При сравнительном анализе исторических трудов Н.М. Карамзина и его предшественников представляется, в первую очередь должны быть проанализированы предложенные ими варианты структурирования работ в целом, а также следующие структурные элементы текста: посвящения монархам, предисловия, обобщающие главы, портретные характеристики.
Д. Юм, чьё масштабное сочинение открывало, с историографической точки зрения, вторую половину XVIII в., простраивал своё исследование отчасти ретроспективно: первые опубликованные тома, вышедшие в 1754-1757 гг., освещавшие историю Англии в эпоху Стюартов, составят позднее 7-8-й тома его восьмитомной «Истории Англии от вторжения Юлия Цезаря до революции 1688 г.», опубликованной полностью в 1778 г.

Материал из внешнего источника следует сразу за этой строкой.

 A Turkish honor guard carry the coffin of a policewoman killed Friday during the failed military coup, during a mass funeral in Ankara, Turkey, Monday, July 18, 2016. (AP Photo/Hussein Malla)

В вышедшем ранее других томе изложение политической истории прерывается после пятой главы приложением «Царствование Якова 1», в рамках которого выделены следующие рубрики: «гражданская администрация Англии в этот период»; «церковное правление»; «нравы»; «финансы»; «армия»; «флот»; «торговля»; «промышленность»; «колонии»; «науки и искусства» [5]. Том завершался главой XIV, где в финале выделены суд над королём Карлом I, его казнь, его характер [5. С. 407^54]. В томе, который позднее станет первым, после трёх глав, характеризующих особенности населения Британии, события при Эберте, Этельроде и т.д., следует приложение I «Англо-саксонское управление и обычаи», где характеризовались и власть королей, и статус аристократии, особенности правового регулирования, специфика вооружённых сил, нравы населения до норманнского завоевания [6. Vol. I. Р. 169-198]. В структуре следующих глав обращает на себя внимание сочетание «смерть и характер» того или иного правителя (Вильгельма Завоевателя, гл. IV; Вильгельма Руфа, гл. V; Генриха I, гл. VI; Ричарда I, гл. X; Иоанна, гл. XI) [6. Vol. I. С. XXI-XXIII]. После гл. XI Д. Юм снова помещает приложение, характеризующее уже феодальное, англо-нормандское управление и обычаи, где речь идёт о прогрессивности феодального законодательства, парламент именован феодальным, охарактеризованы торговля, церковь, гражданское законодательство и нравы [6. Vol. I. С. 489-524].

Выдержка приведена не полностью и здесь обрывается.